*EXTRACTED DATA*:
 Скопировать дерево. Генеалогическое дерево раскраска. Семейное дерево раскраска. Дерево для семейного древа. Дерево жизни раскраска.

---

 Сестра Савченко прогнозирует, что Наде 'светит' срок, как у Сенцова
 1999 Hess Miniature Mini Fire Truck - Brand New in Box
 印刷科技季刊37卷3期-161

*ACTIVITY*: Within the data above, the lines from the one with "1999 Hess Miniature" to the one with "印刷科技季刊37卷3期-161" must be repeated exactly; no other line belongs in the answer.

*EXERCISE RESPONSE*:
 1999 Hess Miniature Mini Fire Truck - Brand New in Box
 印刷科技季刊37卷3期-161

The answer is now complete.